Work to be completed: The full listing, copied exactly and free of pictures, is the expected reply.

++++ Data segment ++++

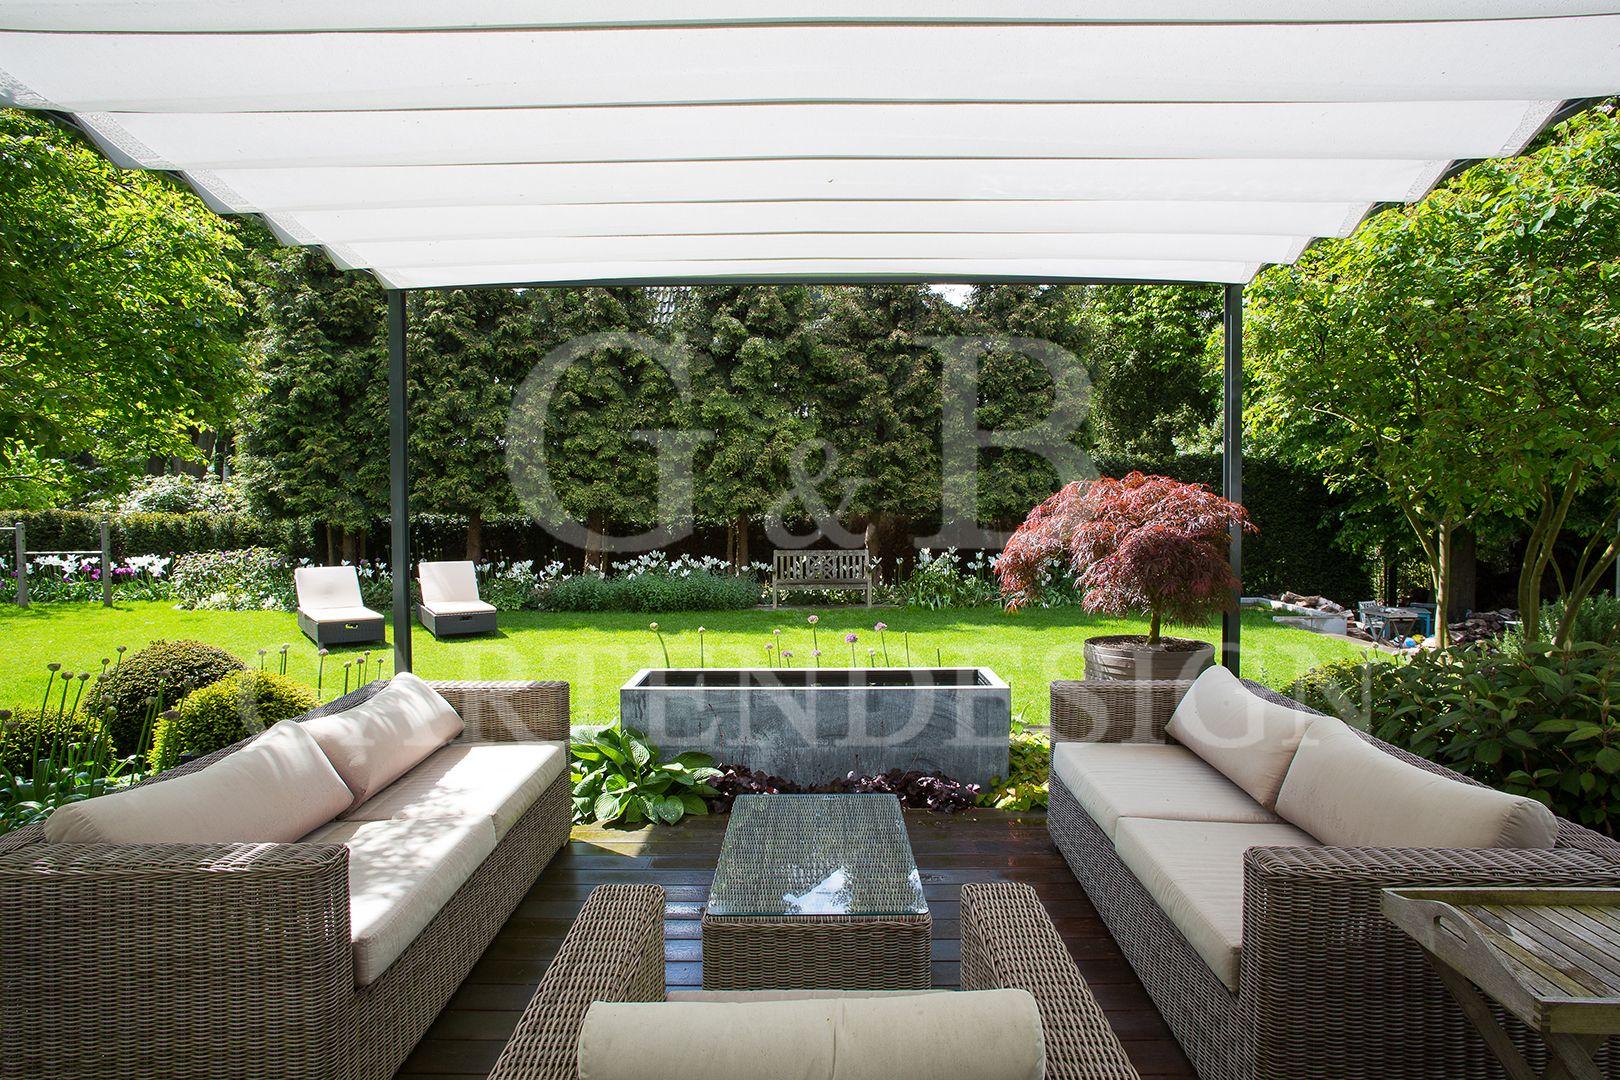 gartengestaltung / terrassengestaltung mit gartenmöbeln hamburg, Gartengerate ideen
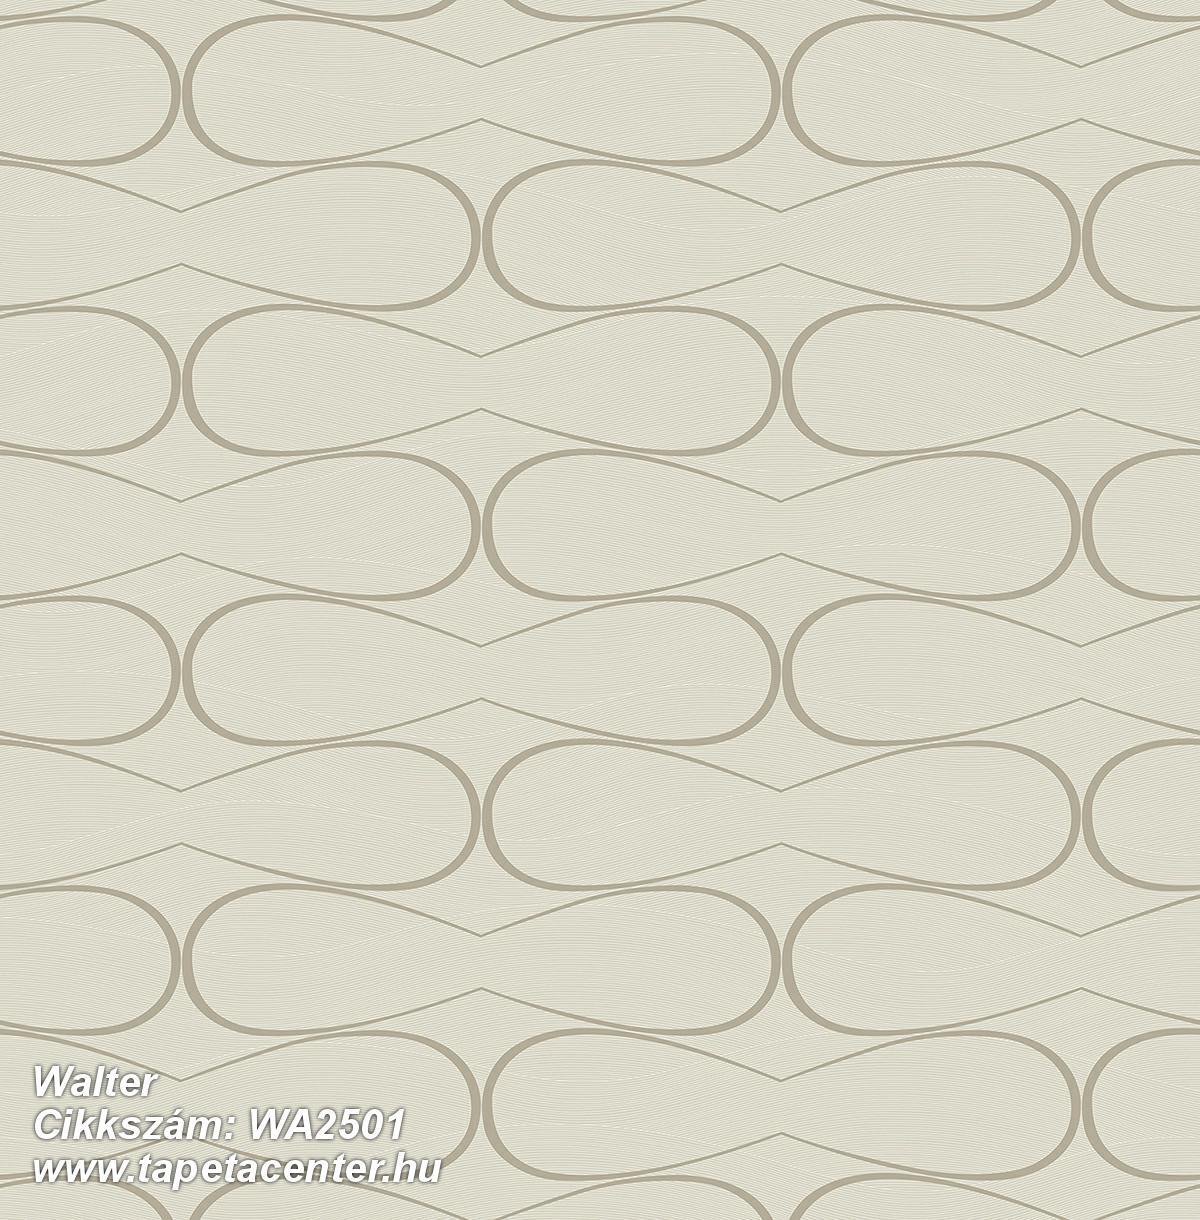 Absztrakt,geometriai mintás,különleges felületű,arany,bézs-drapp,gyengén mosható,vlies tapéta
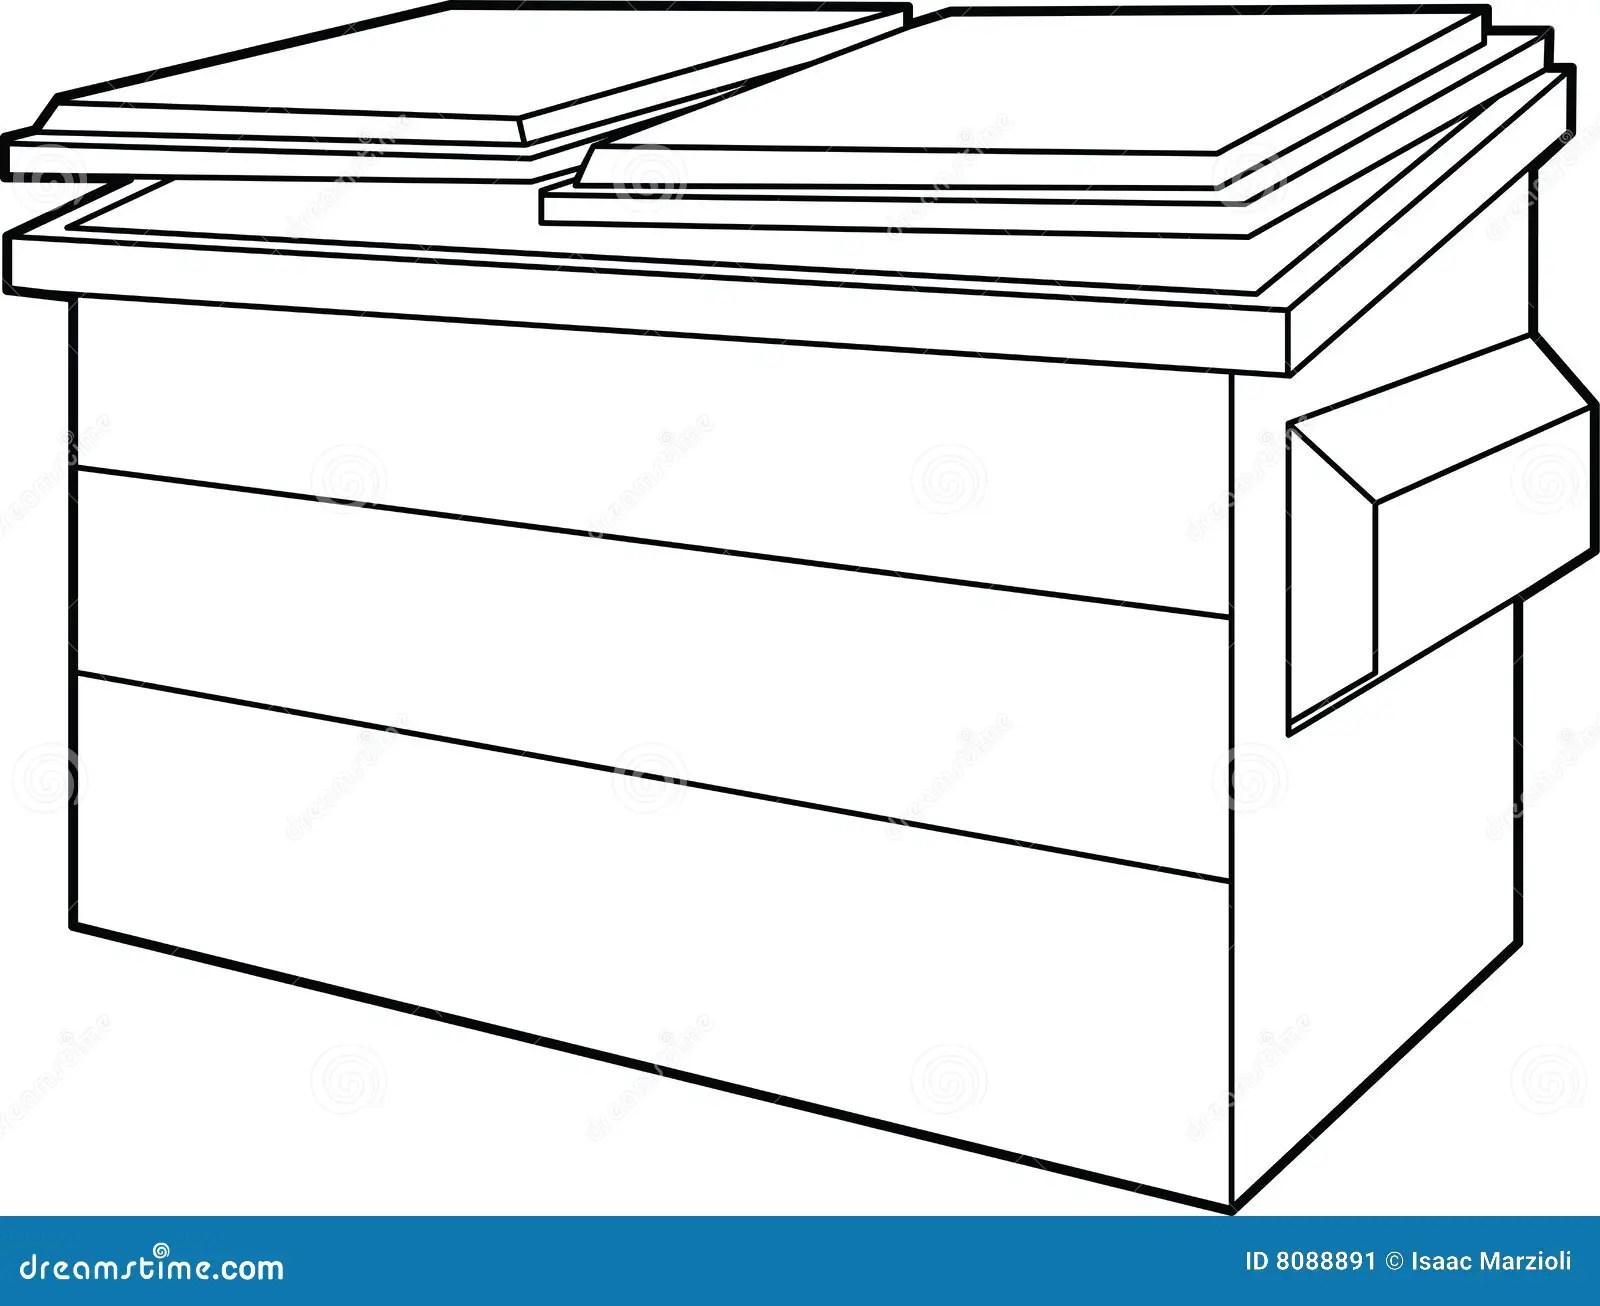 Dumpster Stock Vector Illustration Of Dump Black
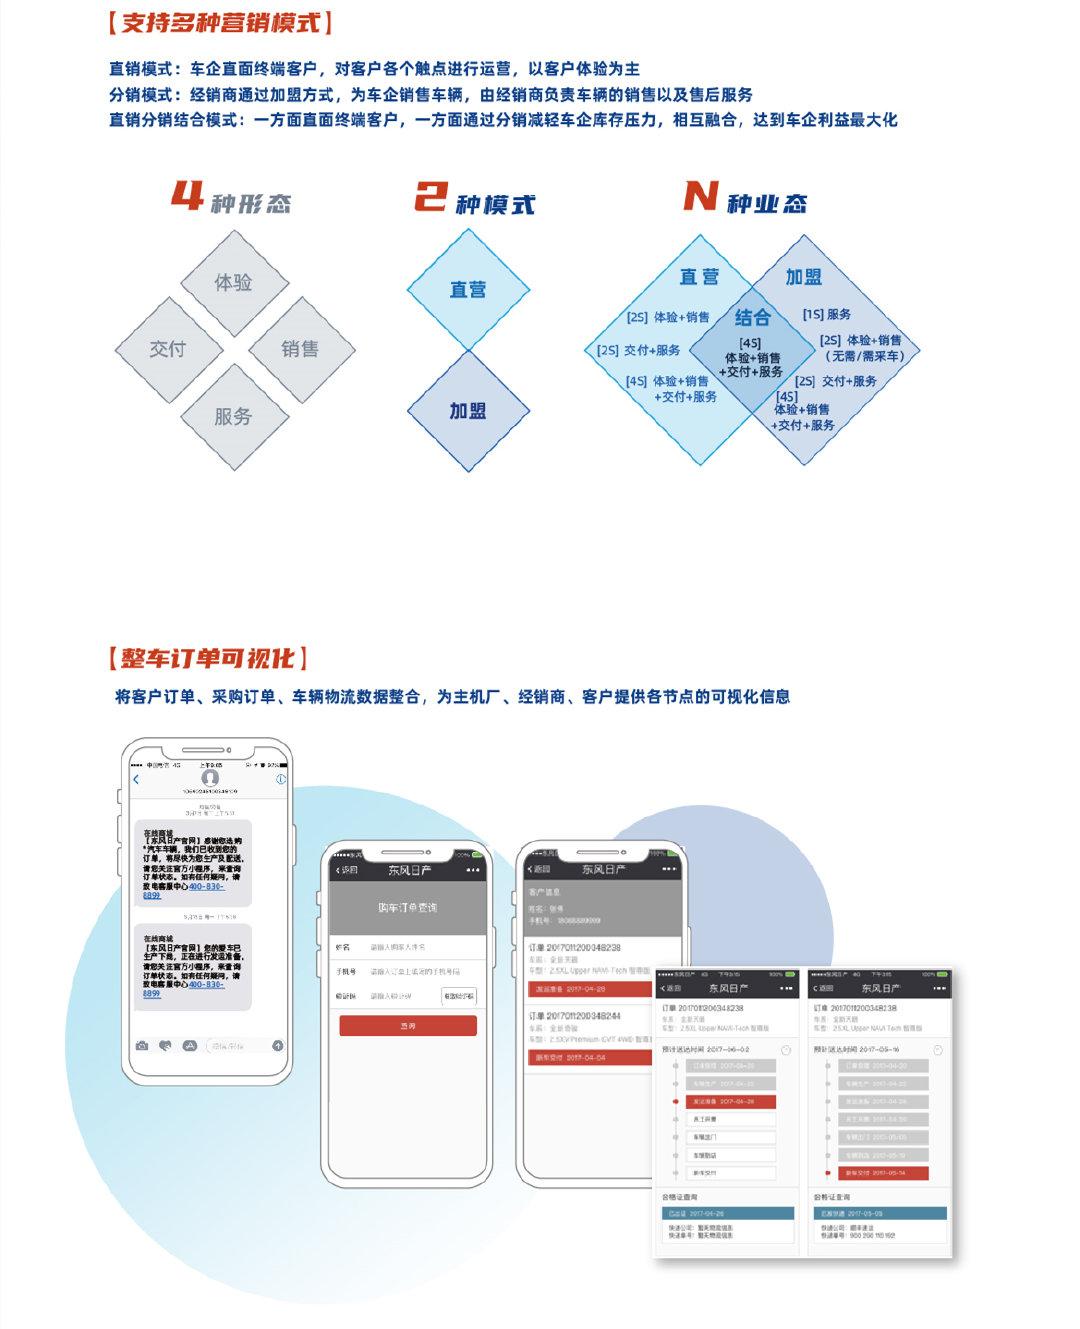 联友智擎DMS产品特点之整车订单可视化

++++

Solution to the problem:
 gartengestaltung / terrassengestaltung mit gartenmöbeln hamburg, Gartengerate ideen
 Absztrakt,geometriai mintás,különleges felületű,arany,bézs-drapp,gyengén mosható,vlies tapéta
 Dumpster Stock Vector Illustration Of Dump Black
 联友智擎DMS产品特点之整车订单可视化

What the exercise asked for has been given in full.